Here the director has seemed to get further off-track from how excellent this franchise could be but also seems to have improved upon a lot of the key factors which made the previous instalments (not the original) so lacklustre.
At first glance the story seems to be one of JU-ON: THE GRUDGE 2’s most promising features, and you’d be right, it is VERY promising BUT the bad editing and scene switches between past and present make the story muddled and very confusing to follow.
Fortunately the ending is much better than the previous JU-ON movie and you are giving something to ponder on that actually seems coherent, unlike the prequels “WTF?...” ending.
JU-ON 2’s connection with the previous film seems pretty shallow, which can work against it but also in its favour depending on whether you’ve seen the prequel.
Those who have seen the prequel may have wanted this to have more in common with the first, like for example, the first feature film’s ending to carry over to this and actually make sense or to get some explanation as to what the heck was going on (I realise the ending meant the curse continues in a loop but that ending was wack!), plus that Megumi Okina was pretty cute.
Fortunately those who haven’t seen the first feature film may be pleasantly surprised… VERY pleasantly surprised.
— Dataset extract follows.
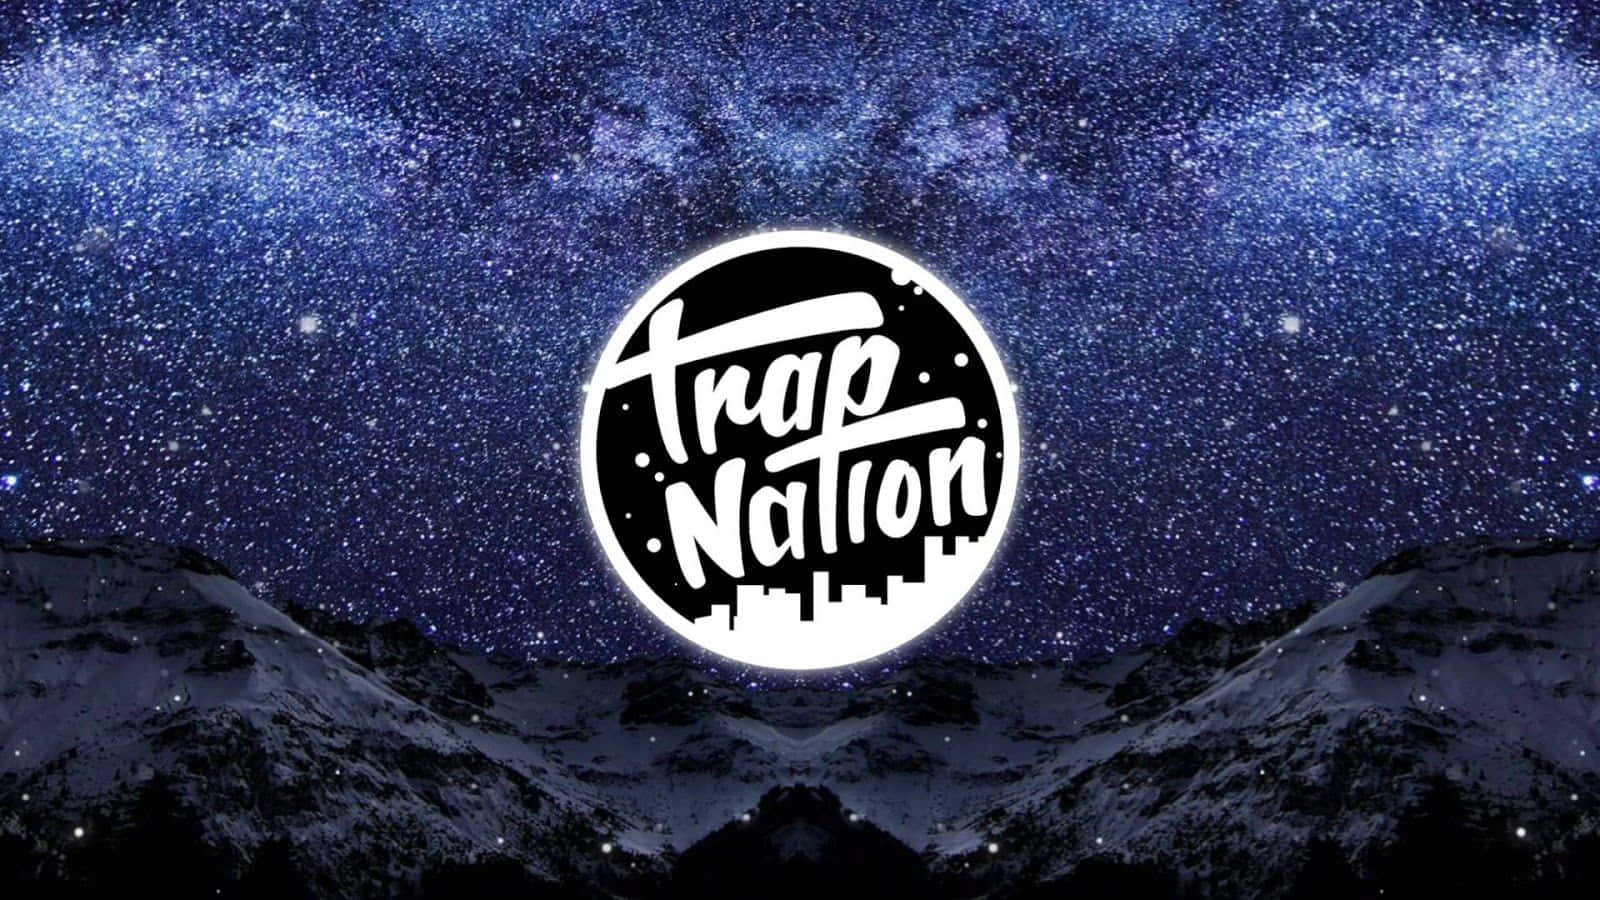 A Black And White Image Of A Starry Sky With The Words'true Nation' Wallpaper

JU-ON 2 is an excellent stand-alone from the series and newcomers who want fresh scares that aren’t too clichéd are best to avoid the first film and watch this instead, it isn’t as shallow as the first movie.
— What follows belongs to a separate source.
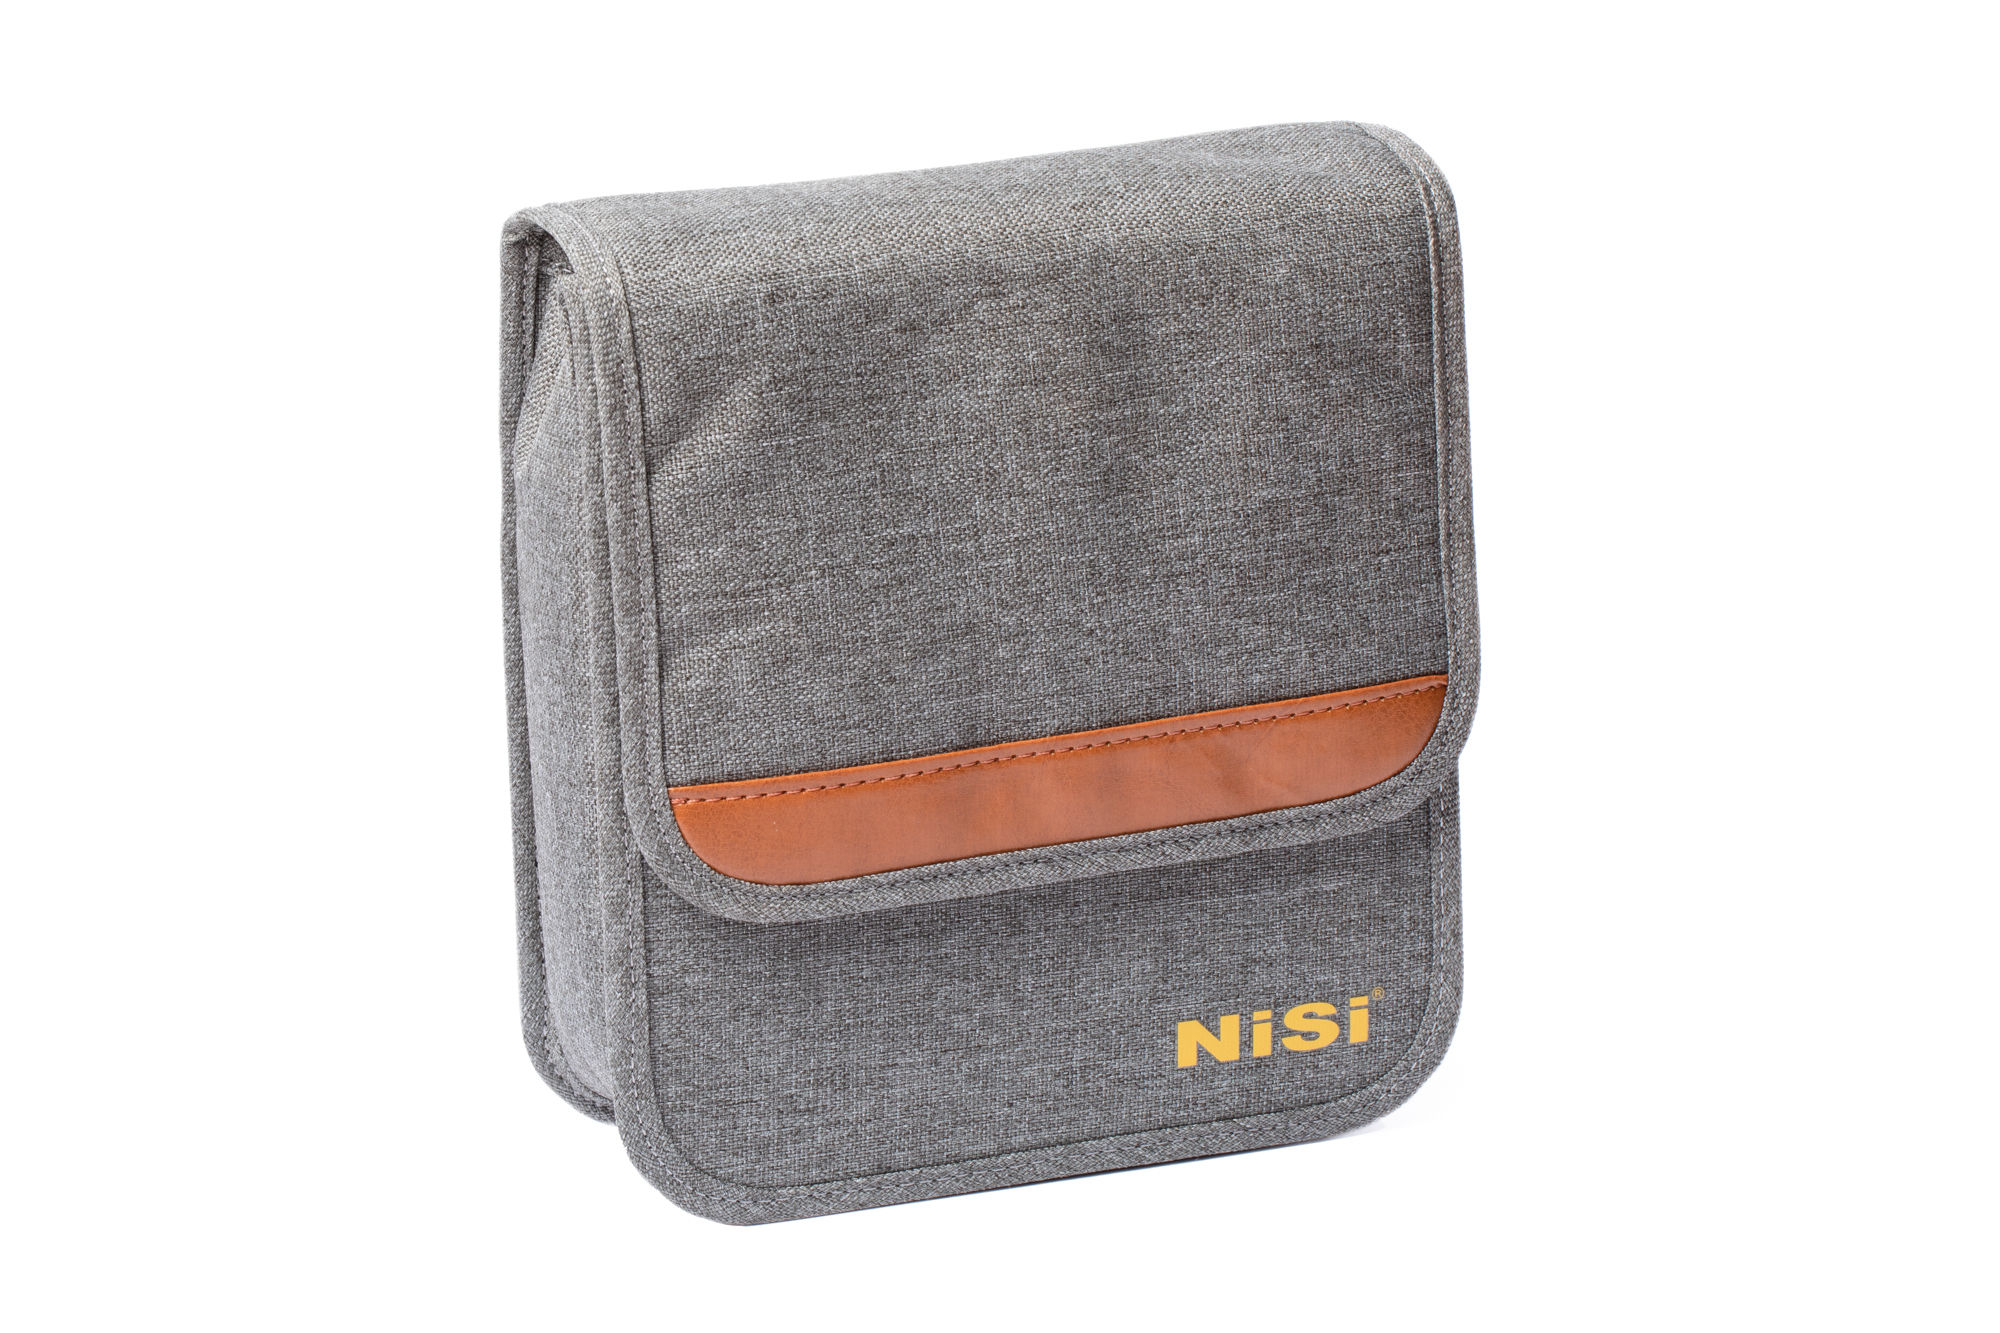 NiSi S6 150mm Filter Holder Kit with Pro CPL for Sigma 14mm f/1.8

The story segments are probably what let this down the most.
Trying to improve upon one of JU-ON: THE GRUDGE’s high points, the time transcending scenes, the director has gone way over board by taking that element and injecting it with a huge dose of speed.
While at times the switch between past, present and future is very clever (Tomoka’s story segment comes to mind) towards the end of the film it becomes very over used and incoherent to the storyline, making things muddled and confusing as to what time setting the characters are actually in at any given moment.
That’s what makes the story very confusing, and to make matters worse 2 of the characters are haunted before they even set foot in the house, either the director became confuse as to what time zone the story was in or he didn’t want to waste time building up the scares at the expense of coherency.
All that aside, the movie is very entertaining.
The acting is pretty mixed, Noriko Sakai as Harase ‘the horror queen’ Kyoko lacks the on screen charisma as Megumi Okina. Despite the directors attempts at making Kyoko a multi-layered character she just comes off as a 1 dimensional cut-out which is a shame.
The rest of the characters play their parts very well with the small exception of Yui Ichikawa who has some trouble playing Chiharu as she is haunted all through her time transcending scenes. Who could blame her though; moving from one timeline to the next and back again makes it very confusing for the actors to portray the correct emotions for the scene.
The ghosts on the other hand, Toshio is just not scary, would you be afraid of a little blue naked boy wearing eyeliner? I know I wouldn’t.
Kyoko is the ghost that delivers the majority of scares and with good reason, she can be really scary when she doesn’t look like a Chihuahua stuck under a long black wig (you’ll see the scene I mean, it’s hilarious).
Thankfully the director has gone back to the original TV movie’s visual style and gives us a much grittier and moody atmosphere thanks to the lower visual quality.
The audio remains mostly the same except the croaking isn’t used as much. I would have loved the creepy piano tune at the title screen to be used more but it wouldn’t have improved the film significantly so I guess there’s no point.
All negativity aside, JU-ON 2 is not a film for those who didn’t like the previous film, if you want to be converted, the original TV movie is your best bet.
Those who are interested in the JU-ON franchise, don’t be discouraged by the lower score because this film is great for first timers.
And finally, those who enjoyed the first movie, I think you’ll find this more than a worthy addition to your library, it’s a shame I didn’t like it though.